Your instructions:
Every line from the line containing "Pebble 2 #WirelessCharging" through the end of the data is to be reproduced exactly, excluding pictures.

Dataset extract:
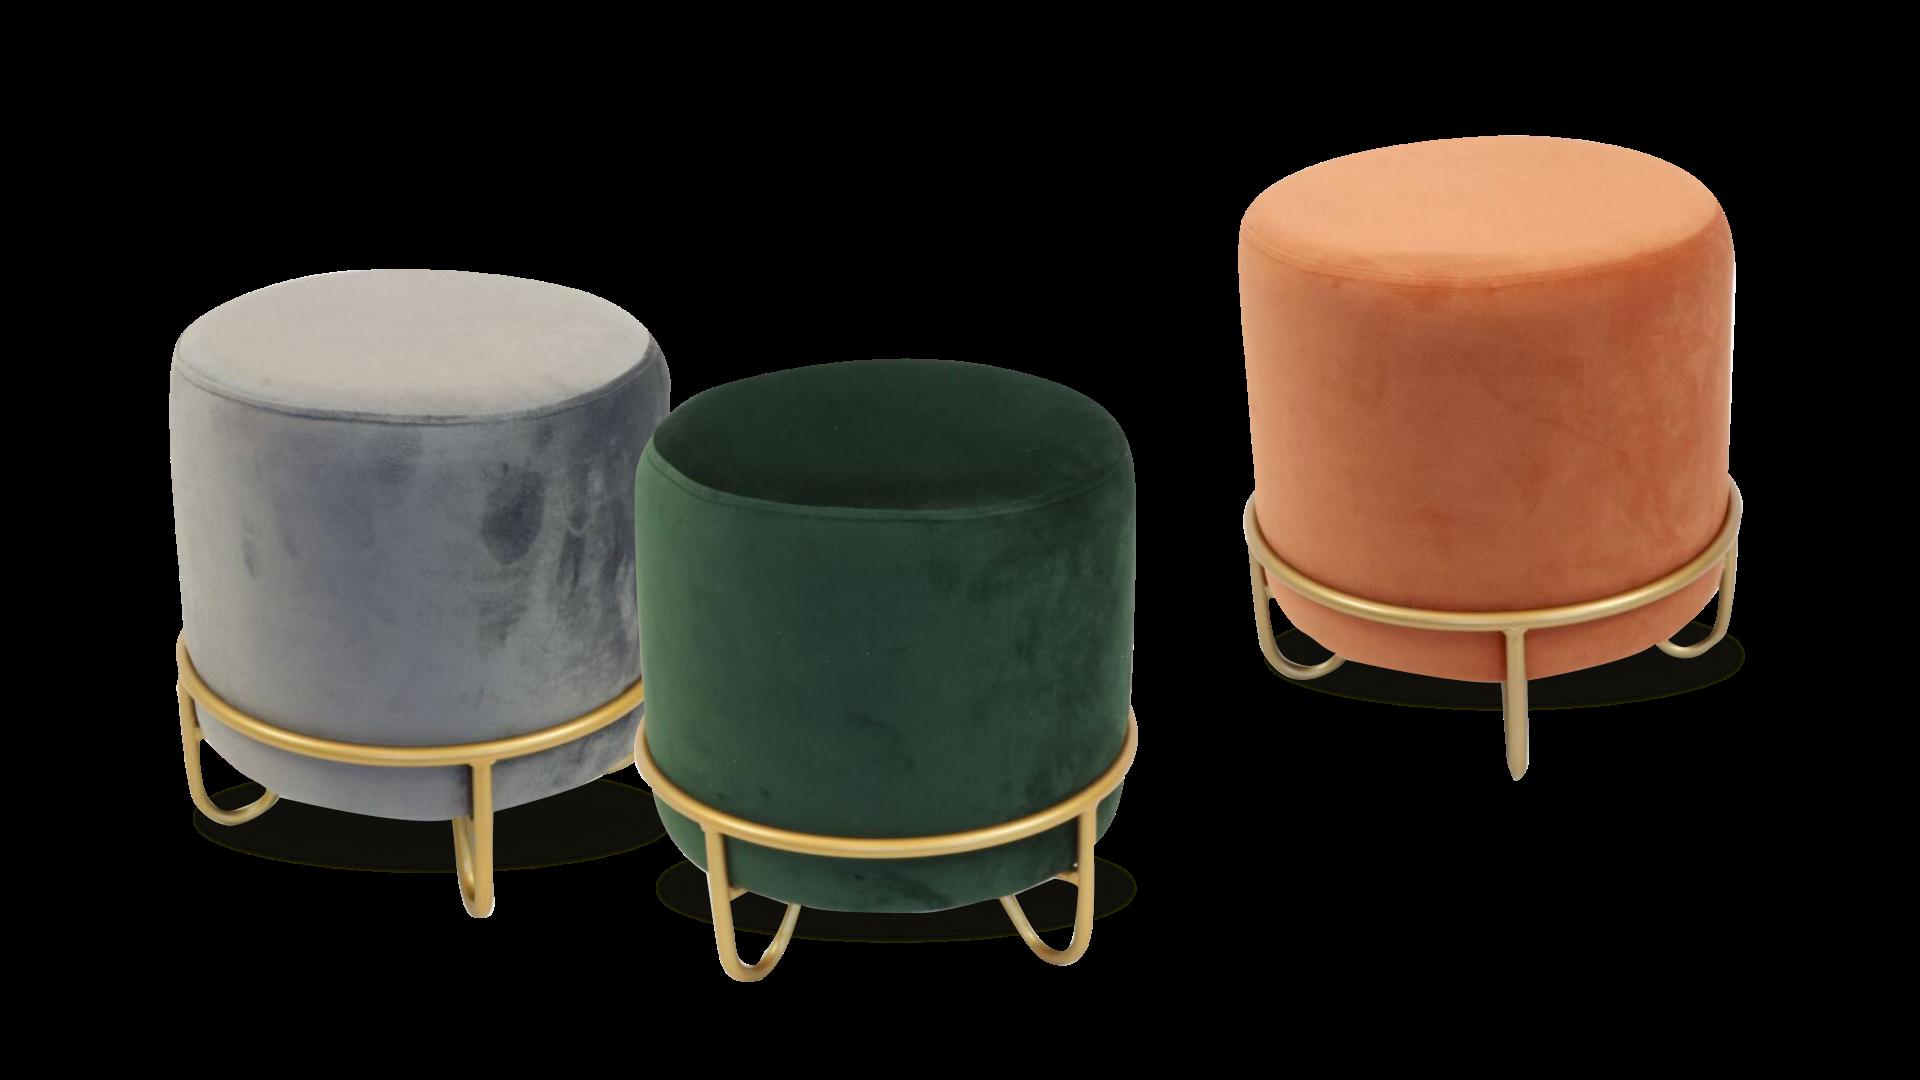 Tabure Fiebe sandstone (35x37 cm) dolazi u tri boje: sivoj, narančastoj i zelenoj, Pevex, 249 kn
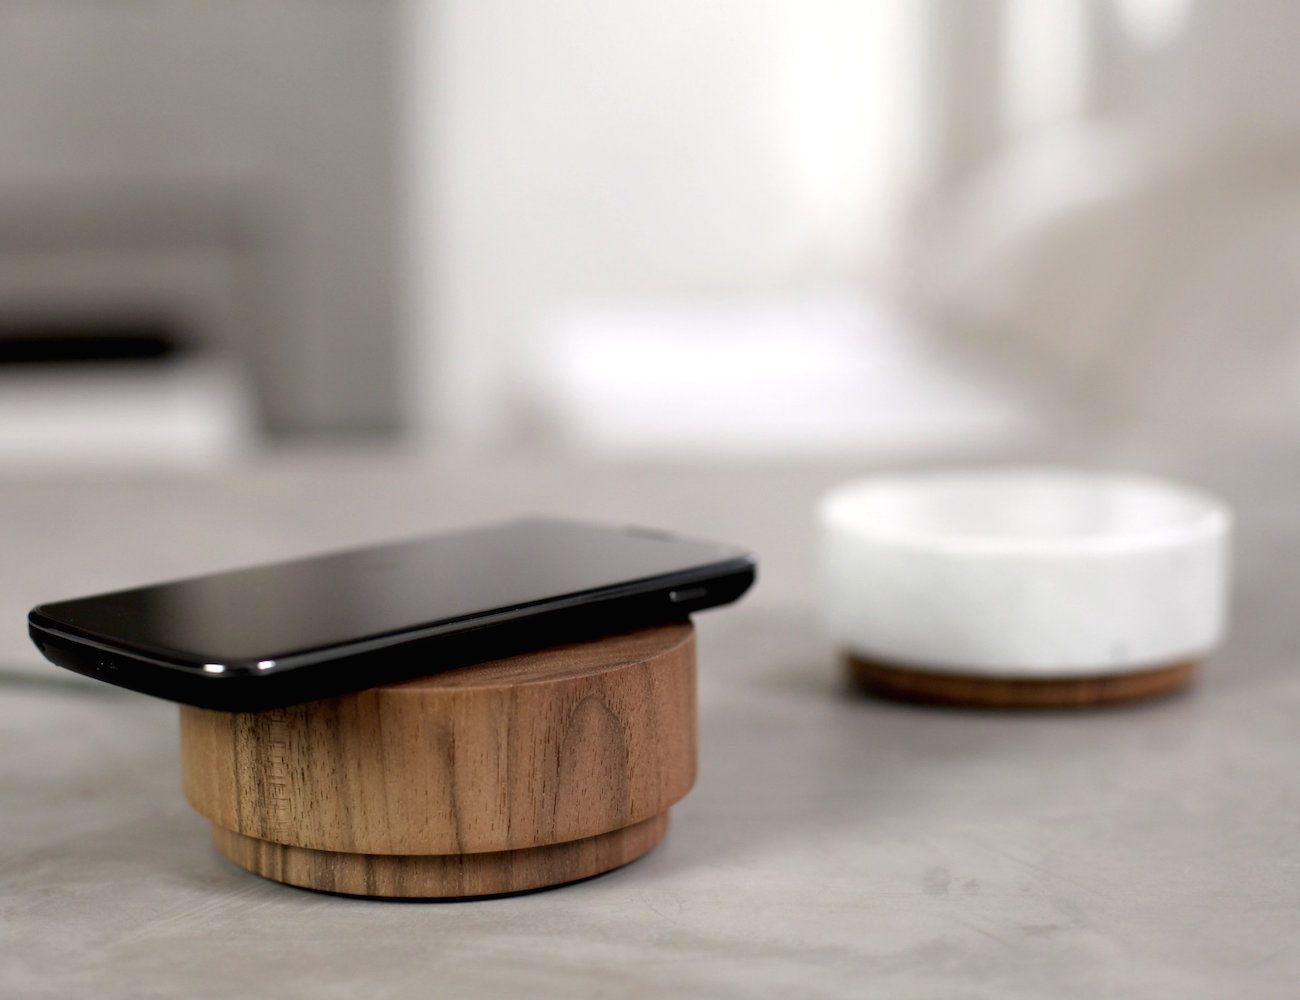 Pebble 2 #WirelessCharging Pad & #Speakers  Beautiful wooden design for your #workspace!
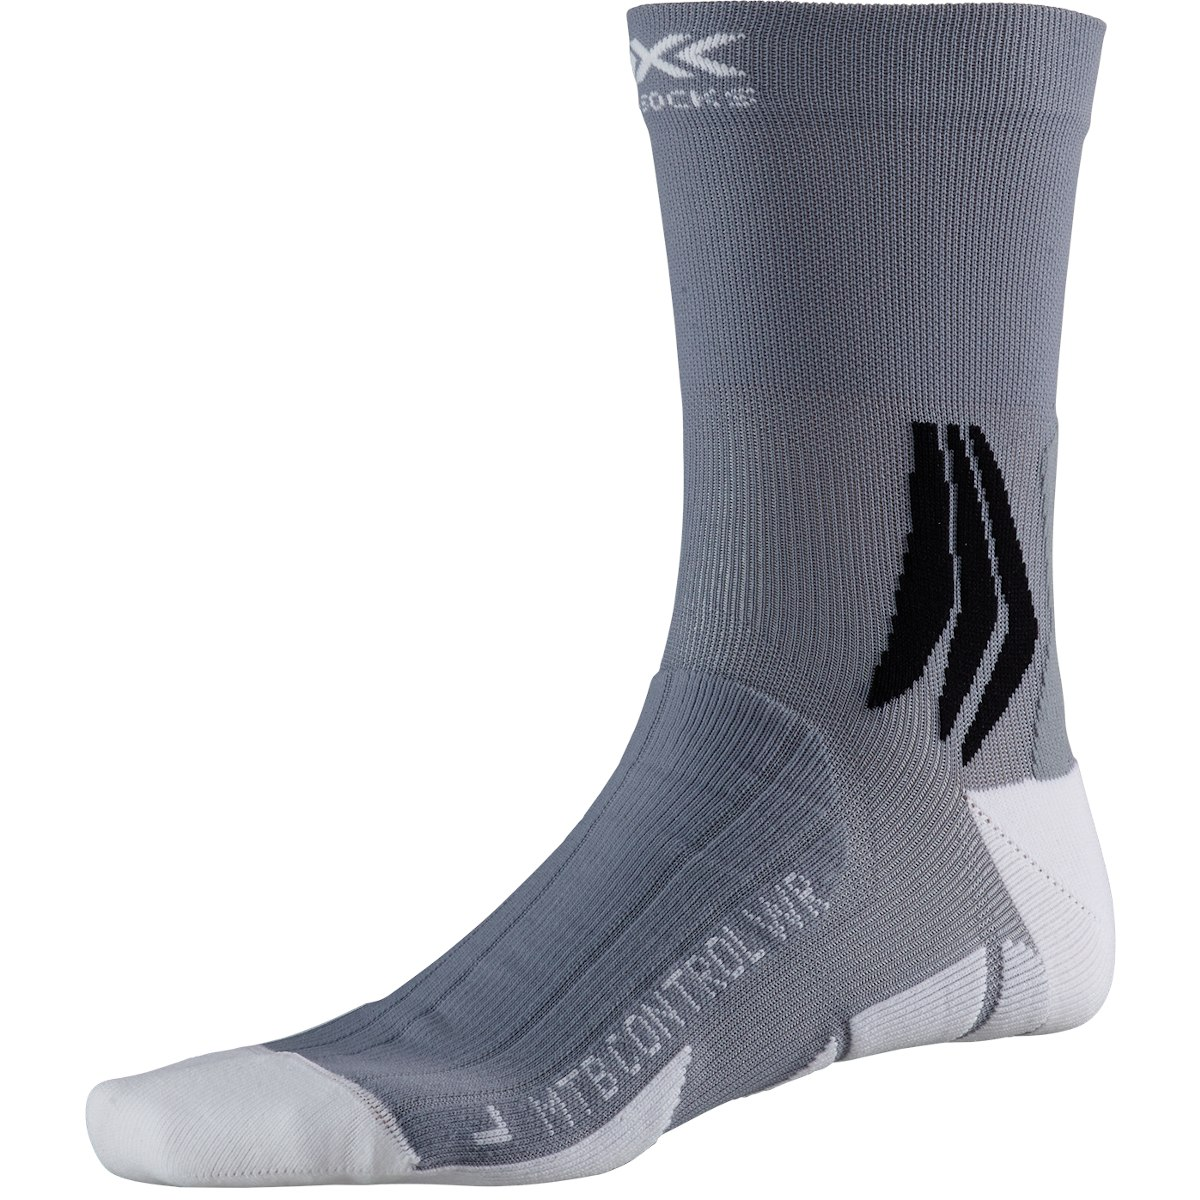 X-Socks MTB Control WR Biking Socken - arctic white/dolomite grey

Exercise solution:
 Pebble 2 #WirelessCharging Pad & #Speakers  Beautiful wooden design for your #workspace!
 X-Socks MTB Control WR Biking Socken - arctic white/dolomite grey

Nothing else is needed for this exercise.